In [1], the authors present an efficient algorithm for constructing a representation of a compressed de Bruijn graph for pangenome analysis that enables search. cdbg is a refactoring of [1]'s code (original code available at https://www.uni-ulm.de/in/theo/research/seqana.html) that breaks it into a dynamic library and a command line program. The dynamic library provides developers the graph data structure and an API for reading/writing the structure from disk, and the command line program provides users an interface for constructing and interacting with compressed de Bruijn graphs.
The goal of this work is to enhance the adoptability of the compressed de Bruijn graph data model from [1]. By providing a program for efficiently constructing compressed de Bruijn graphs and a library for utilizing them, developers are relieved of implementing their own de Bruijn graph data structure and construction algorithms while allowing users to perform multiple analyses on a single graph.
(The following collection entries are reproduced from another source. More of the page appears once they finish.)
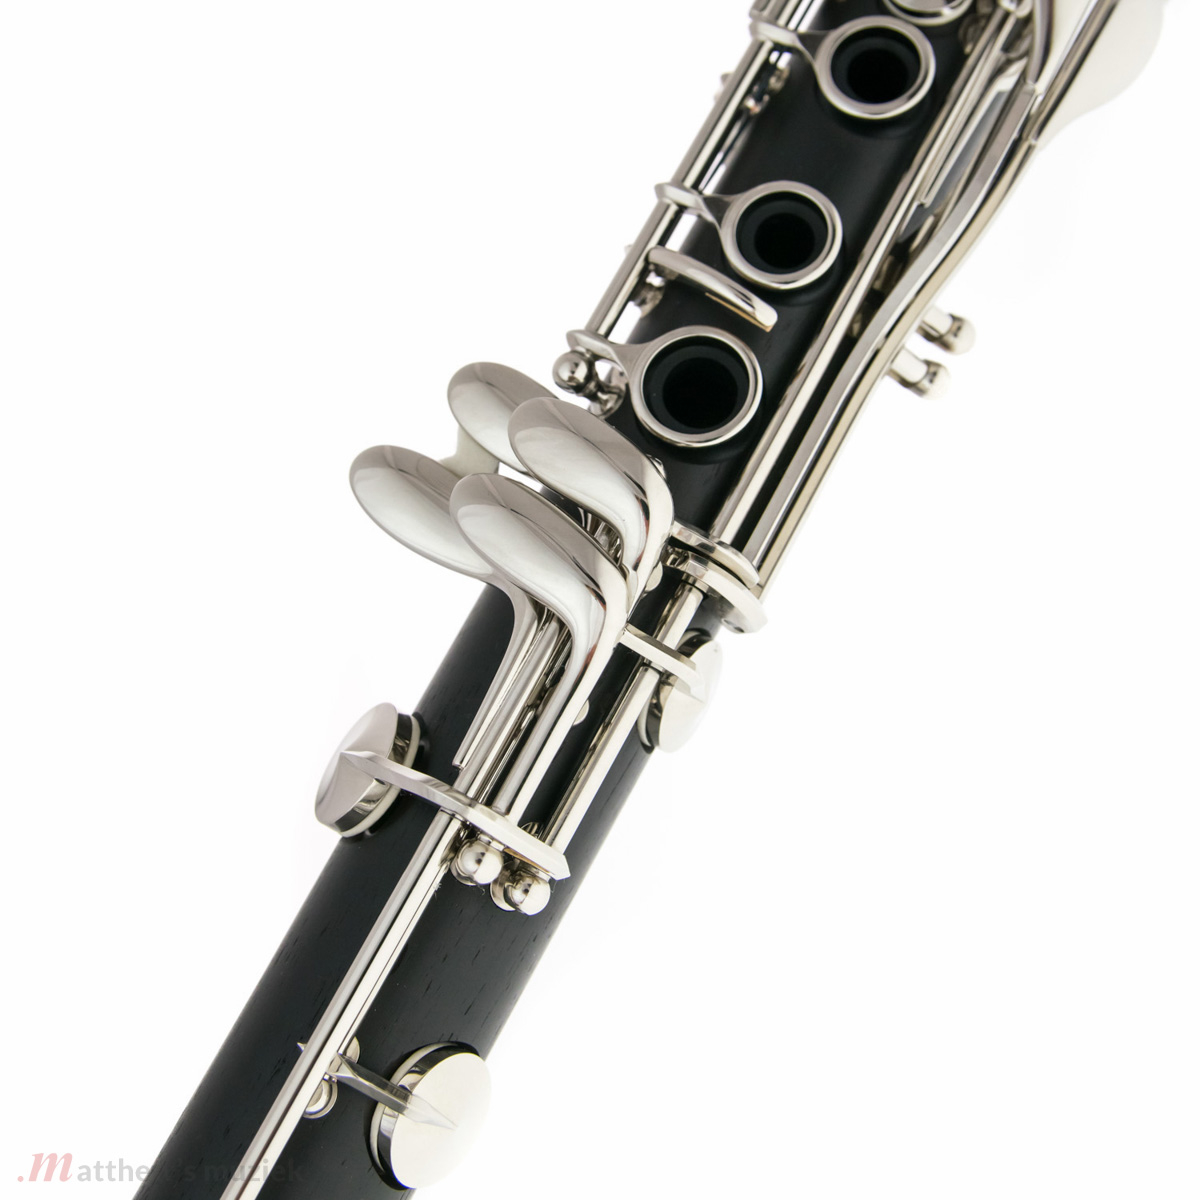 Buffet Crampon Bb Clarinet - E11 with Nickel Plated Keys
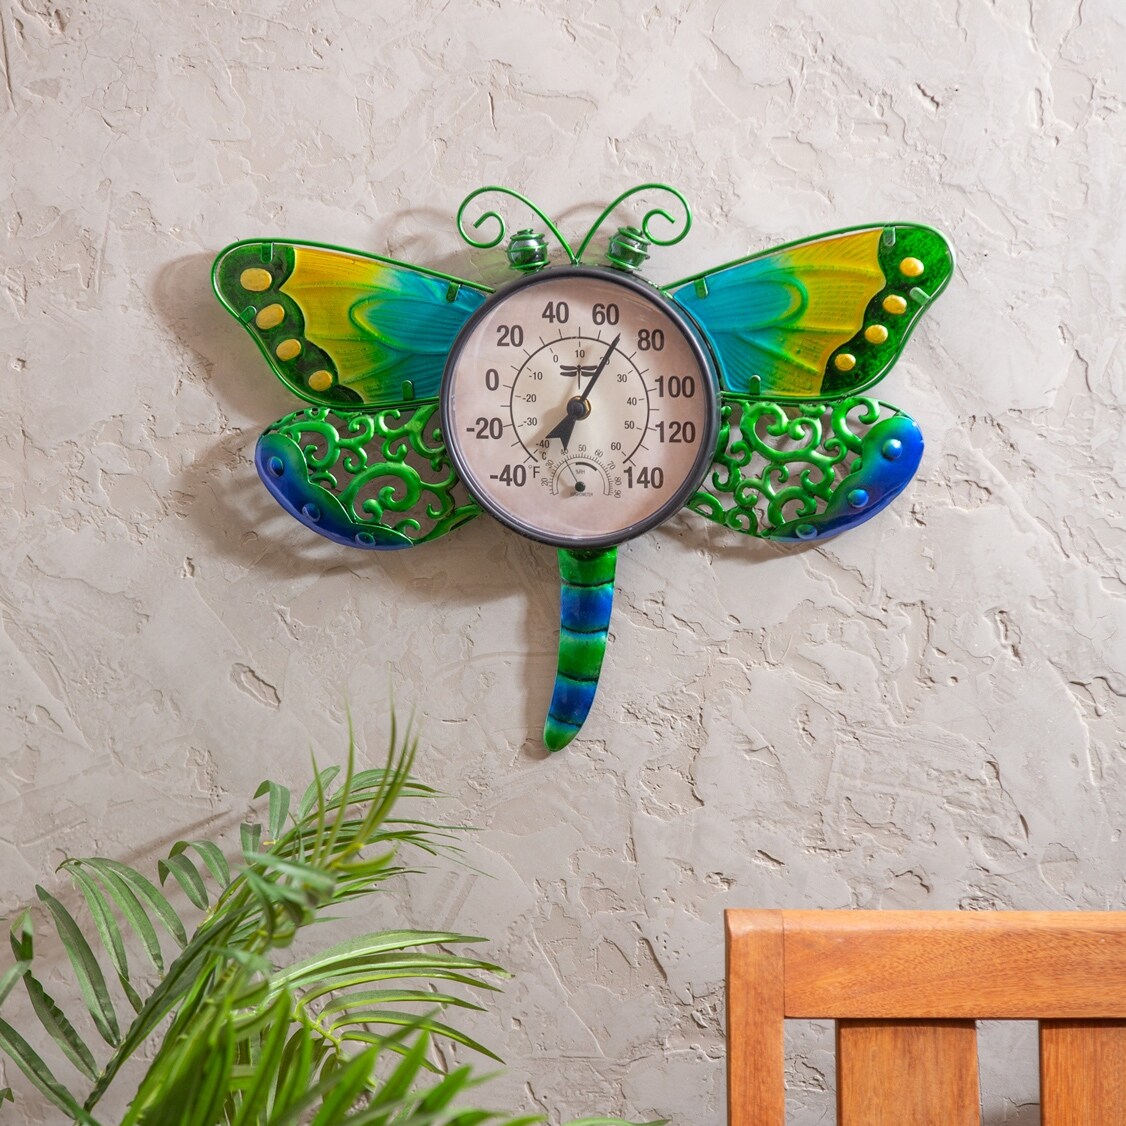 https://ak1.ostkcdn.com/images/products/is/images/direct/d114be1641f279419065ae1b69a2ffbc70f58742/Dragonfly-Outdoor-Wall-Thermometer.jpg
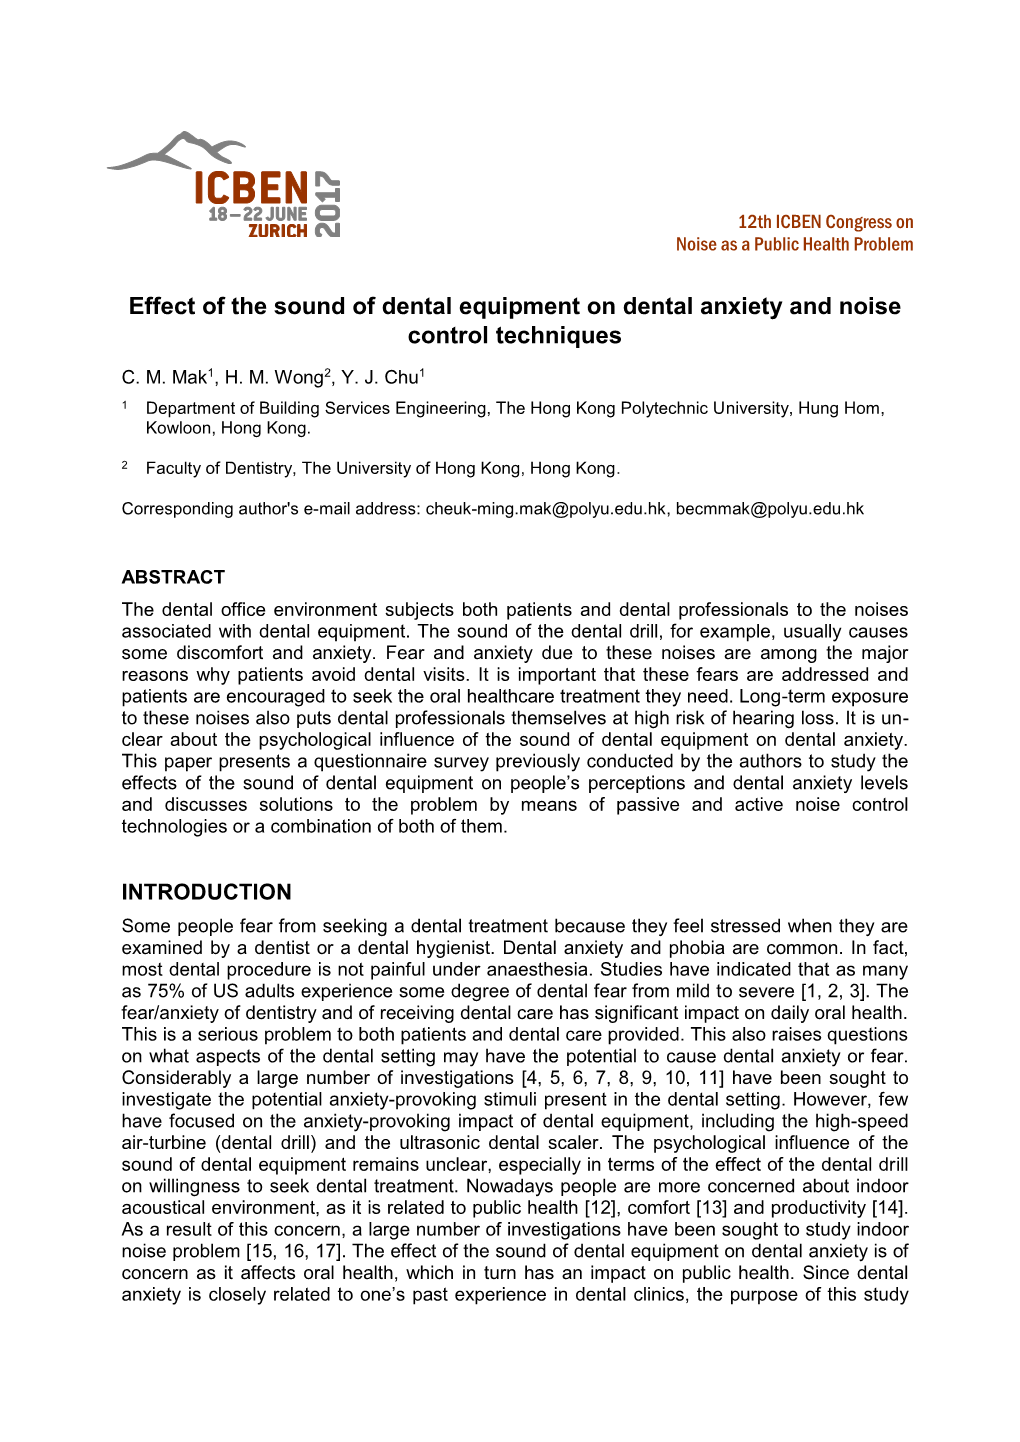 Effect of the Sound of Dental Equipment on Dental Anxiety and Noise Control Techniques
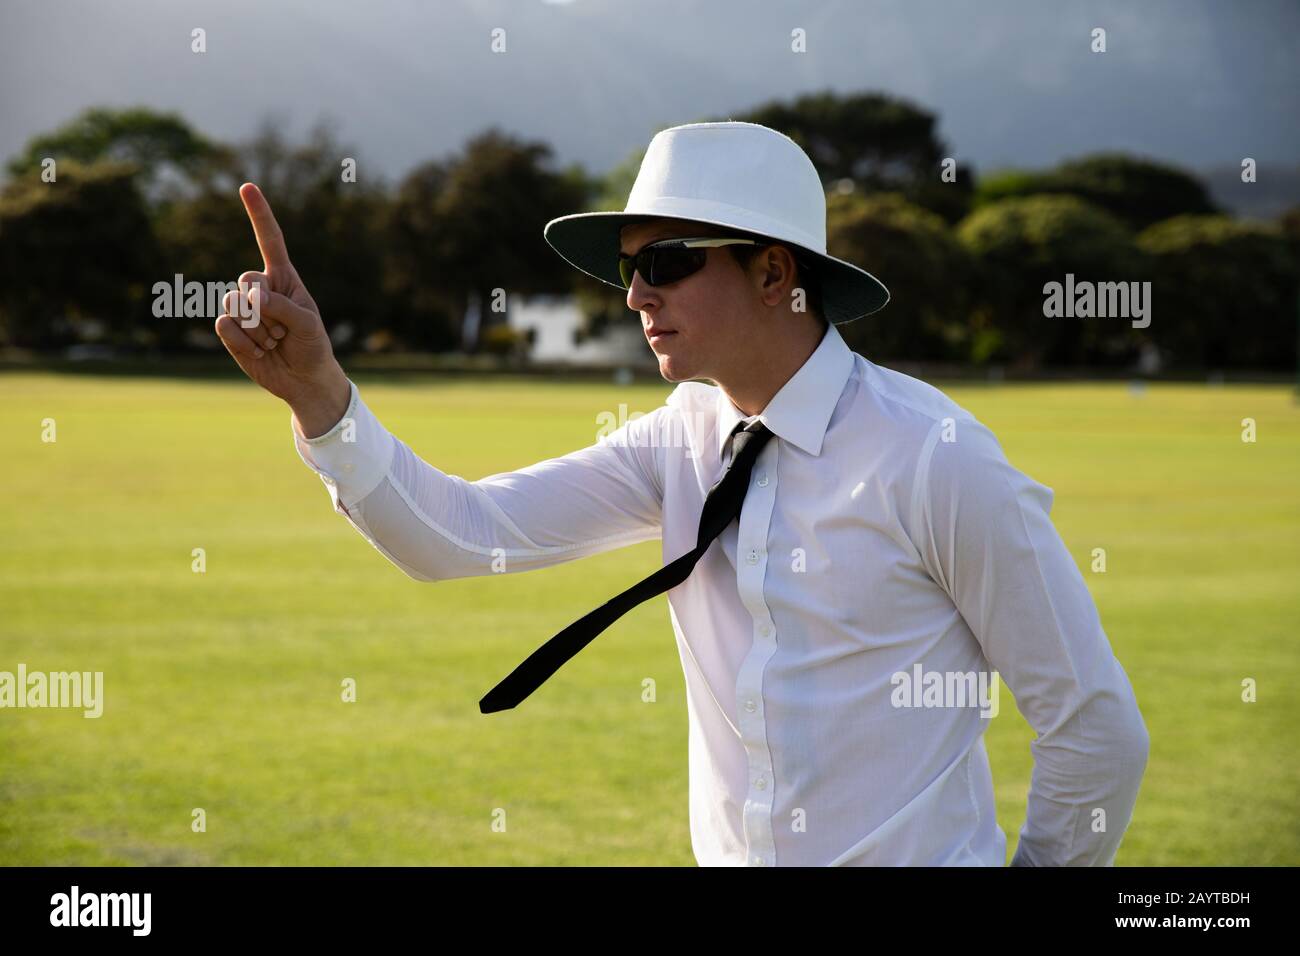 Cricket umpire making signs standing on a cricket pitch Stock Photo

The graph construction algorithm uses an FM-index to build a compressed de Bruijn graph directly (rather than generating all possible k-mers) from a set of sequences in O(n log σ) time, where n is the total length of the sequences and σ is the size of the alphabet.
The program outputs an implicit representation of the graph that is linear in the number of graph nodes and is not effected by the number of graph edges or k-mer occurrences. This is advantageous because the representation is lossless and is likely much smaller than the total length of the sequences (sub-linear). Additionally, the implicit representation supports searching the graph for sequences of length geq k in worst-case O((m+l) log σ) time, where m is the length of the search sequence and l is the length of the longest compressed k-mer chain in the graph.
TODO
TODO
[1]: Beller, Timo, and Enno Ohlebusch. "A representation of a compressed de Bruijn graph for pan-genome analysis that enables search." Algorithms for Molecular Biology 11.1 (2016): 20.